The employees know exactly which book will go where because they arrange the books according to the preferences of their customers.
Their interaction with the customers helps them know which books are good and they use that knowledge to pitch to other customers. One thing that amused us the most was, how do these people remember exactly where each book by each author is kept? Here sometimes we can’t even remember where we kept our keys/phones. What Mr Rajendra told us was that him and his employees interact with these books and authors day in and day out. After that it is difficult not to remember.
On pricing strategy and competition
In this field, a transaction will rarely happen without a customer bargaining. Mr Rajendra says “Customer bargaining karna hi karna hai. Footpath ka maamla hai. Fixed price toh rakh nahi sakte”. So the sellers keep a margin of Rs 40-50 on every book.

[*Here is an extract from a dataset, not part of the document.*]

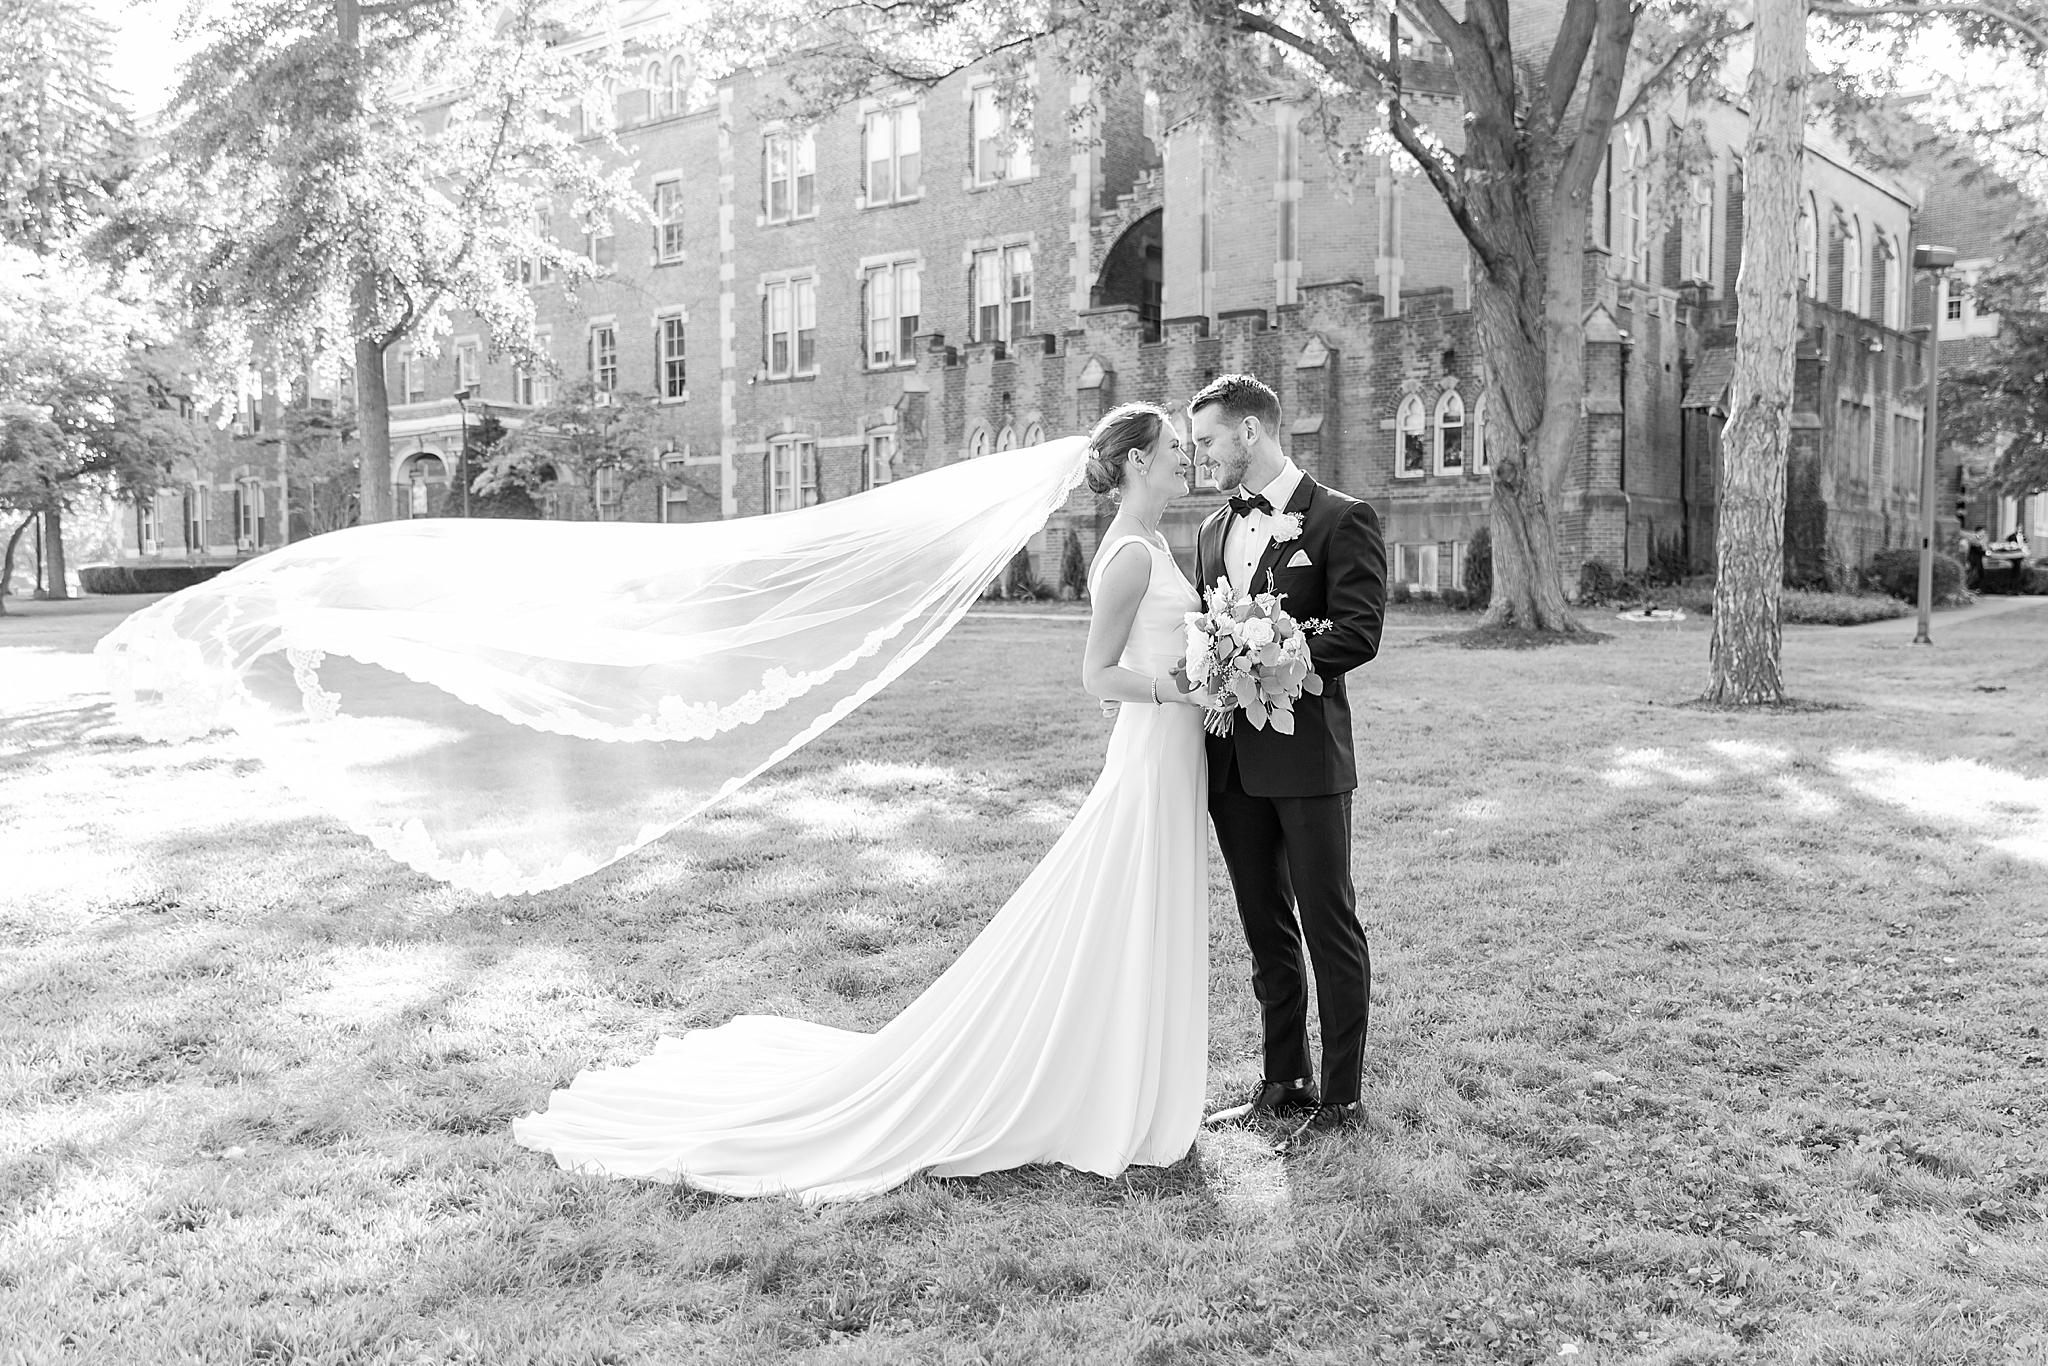 detroit-wedding-photographer-grosse-pointe-academy-chapel-detroit-golf-club-wedding-carly-matt-by-courtney-carolyn-photography_0081.jpg

With so many book sellers huddled next to each other on the same footpath, competition will be really tough - right? Wrong! It depends on which seller has what collection.
No seller will have the same collection so you’ll find only one seller selling a particular book. “Sabka collection same ho hi nahi sakta” says Mr Rajendra. If they have the same books, then a customer will come to the seller closest to him, buy the book and go away leaving other sellers without any business. Mr Rajendra also
added that every seller’s collection is 60-70% different than the other seller. In this way he contradicted himself. We believe what he meant was that the common books that the sellers have are the most popular ones.

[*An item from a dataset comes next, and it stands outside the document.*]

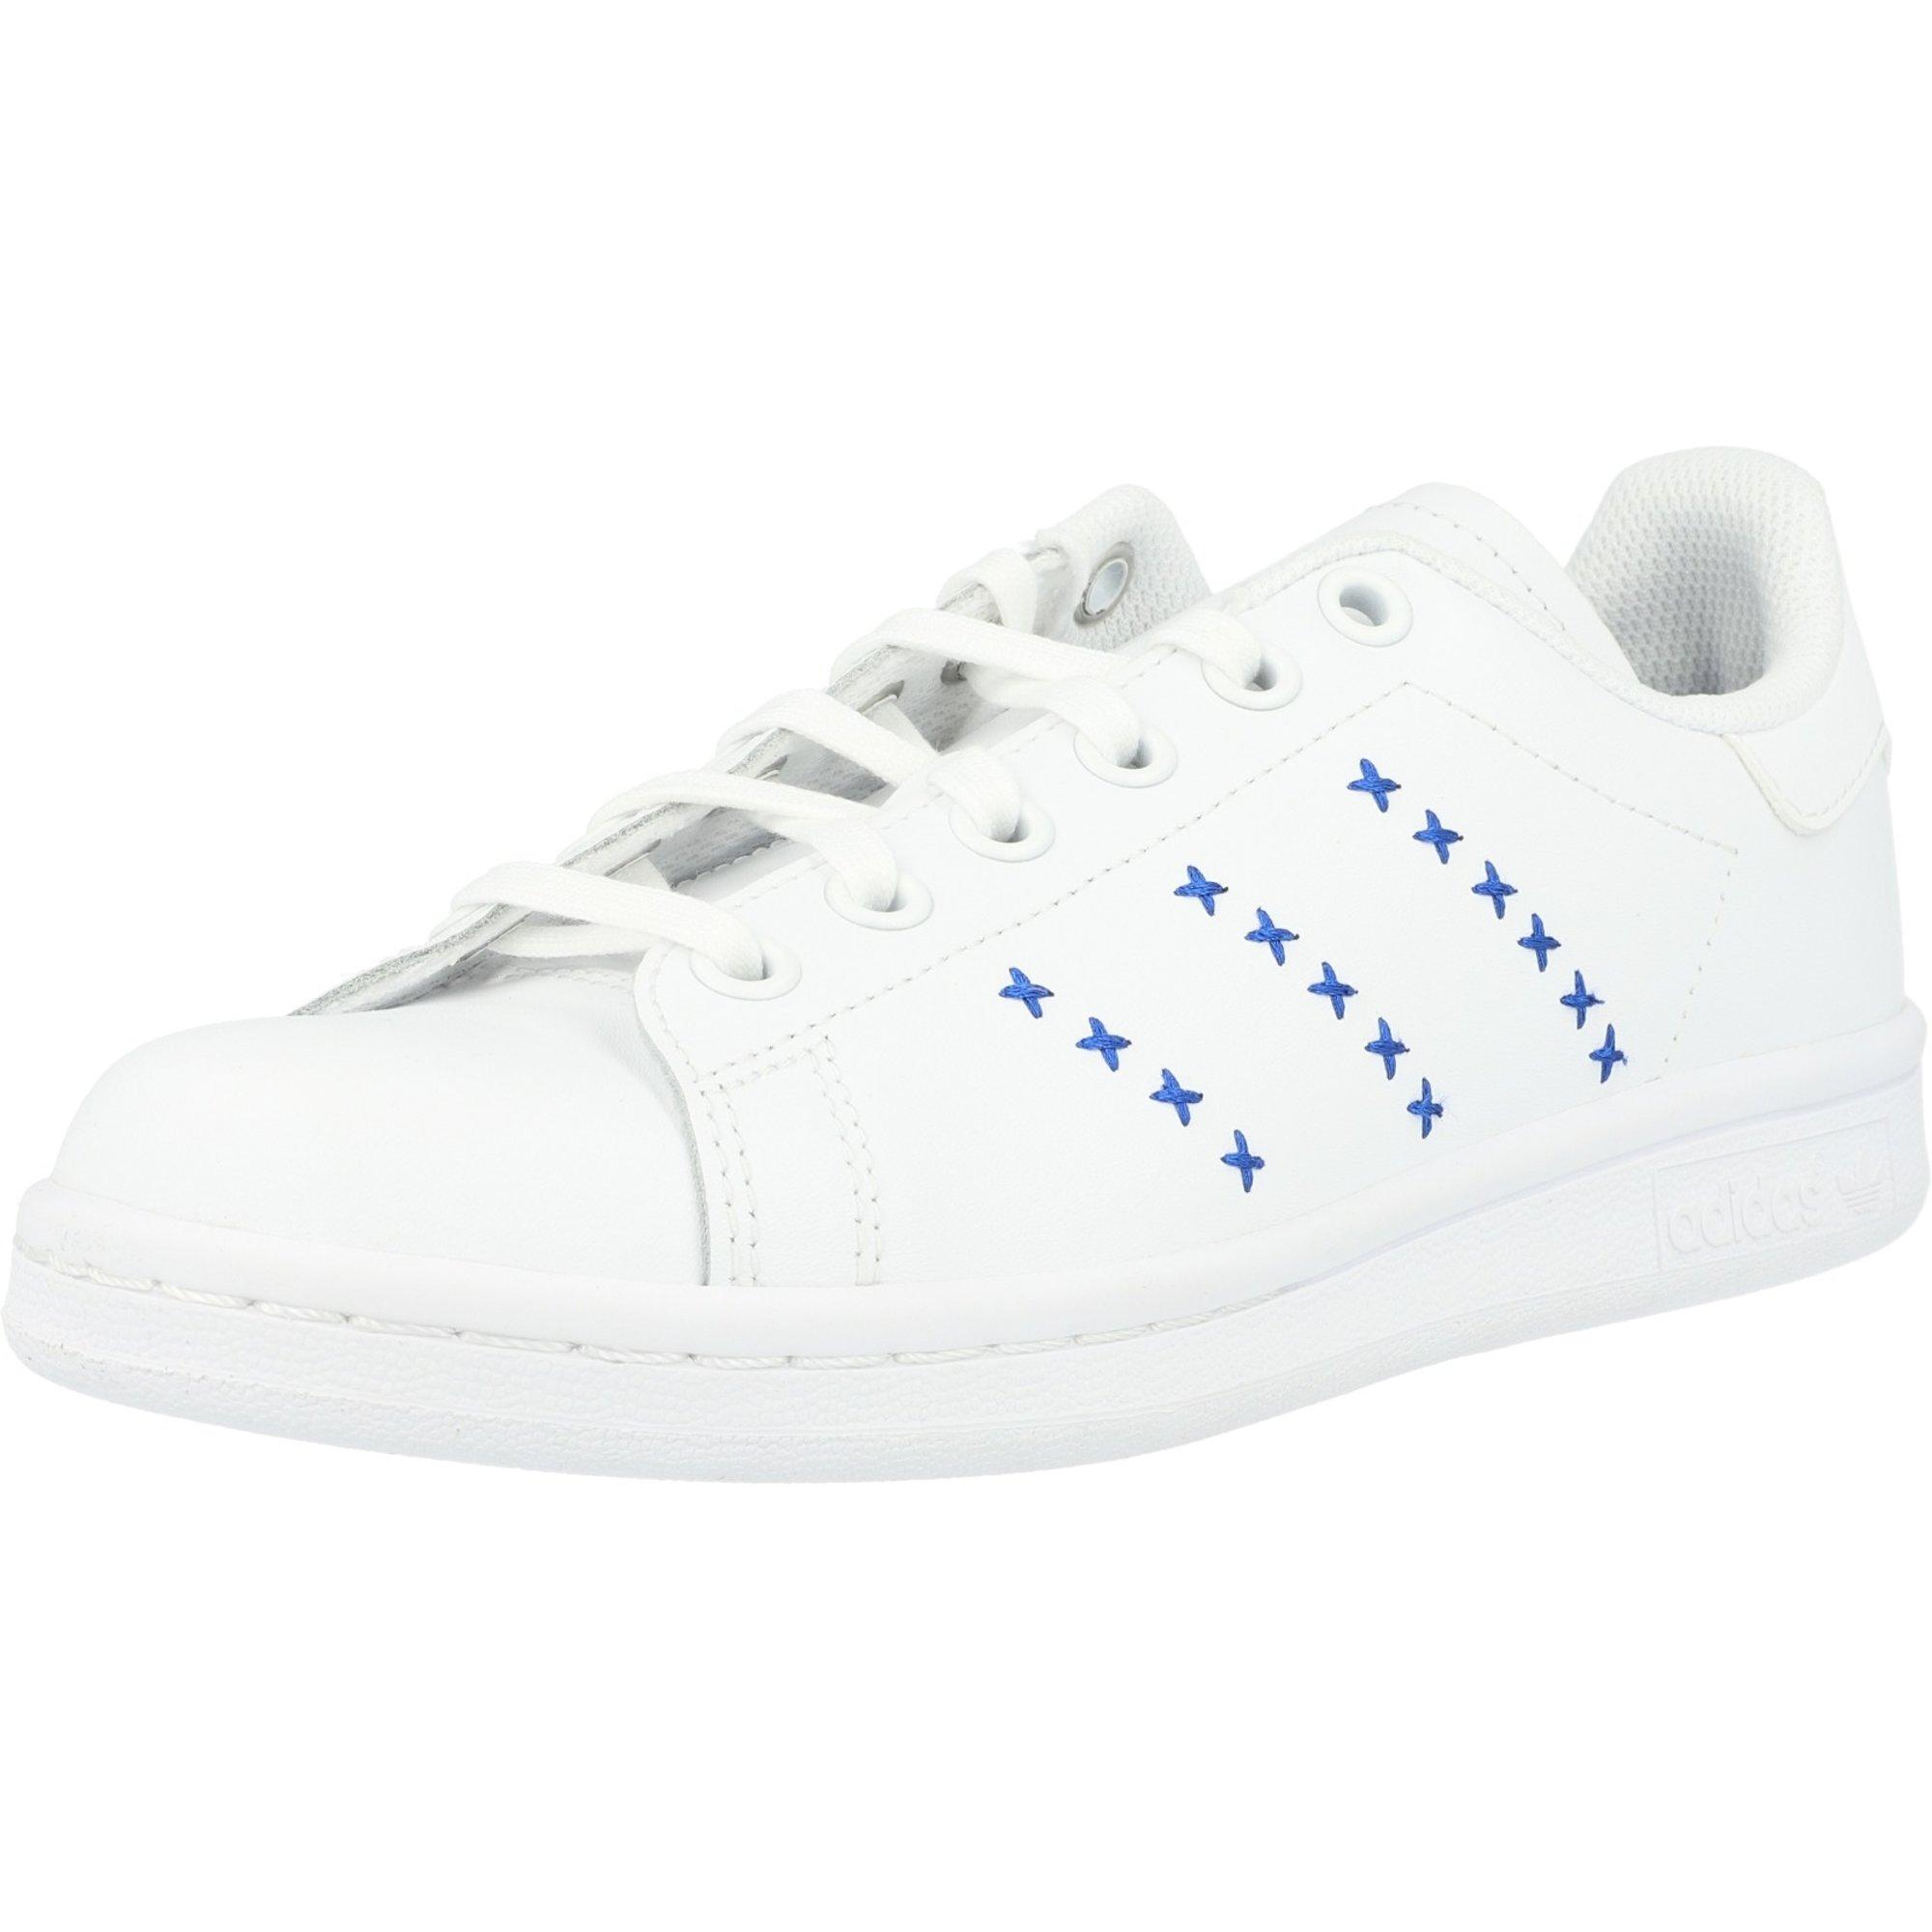 adidas Originals Stan Smith J White/Royal Blue Leather Junior

What is his view on competitors like Amazon and Flipkart? Mr Rajendra says, "They (Amazon/Flipart) can’t sell the old rare books that we are able to sell. They are able to sell only new books."
Nevertheless, due to the advent of technology and e-commerce, the business has been affected as compared to 25 years ago. But true book lovers will come to them and buy real books to get the joy and satisfaction of reading. This book bazaar can provide the reader with the reading experience that no kindle or e-book can provide.
Time changed the reading habits
25-30 years back, there was a craze for books and they sold like hot cakes. It’s not the case anymore. People used to buy books for Rs 15-20 but now they pay Rs 150-200. They also have a rental business (like a library) where they used to charge Rs 2 for reading a book whereas now is Rs 15-20. Despite these modifications, the sales of books have gone down indicating that reading as a hobby is scarcely prevalent. Mr Rajendra himself is an avid reader. Though he doesn’t read books in English, he urges everyone to read extensively for the plethora of knowledge it provides.
Mr Rajendra has two kids for whom he dreams to have a well-educated life so that they never have to work on a footpath. He has enrolled his kids in school and aspires for them to have advanced degrees which has been possible so far due to his road-side bookshop. Bombay is truly the bazaar of dreams.
Real Life MBA Learnings:
1- Unorganized business is a huge but underrated market.
2- What worked 25 years back, may not work now. Change it or find a way around it.
3- It is important to interact with your customers and learn from them. This will only come with first-hand experience.
4- Unorganised trade seems to be unorganised but there are organisations running it behind the scenes. There’s more to it than what meets the eye.
5- There is a niche market for everything. Identify it.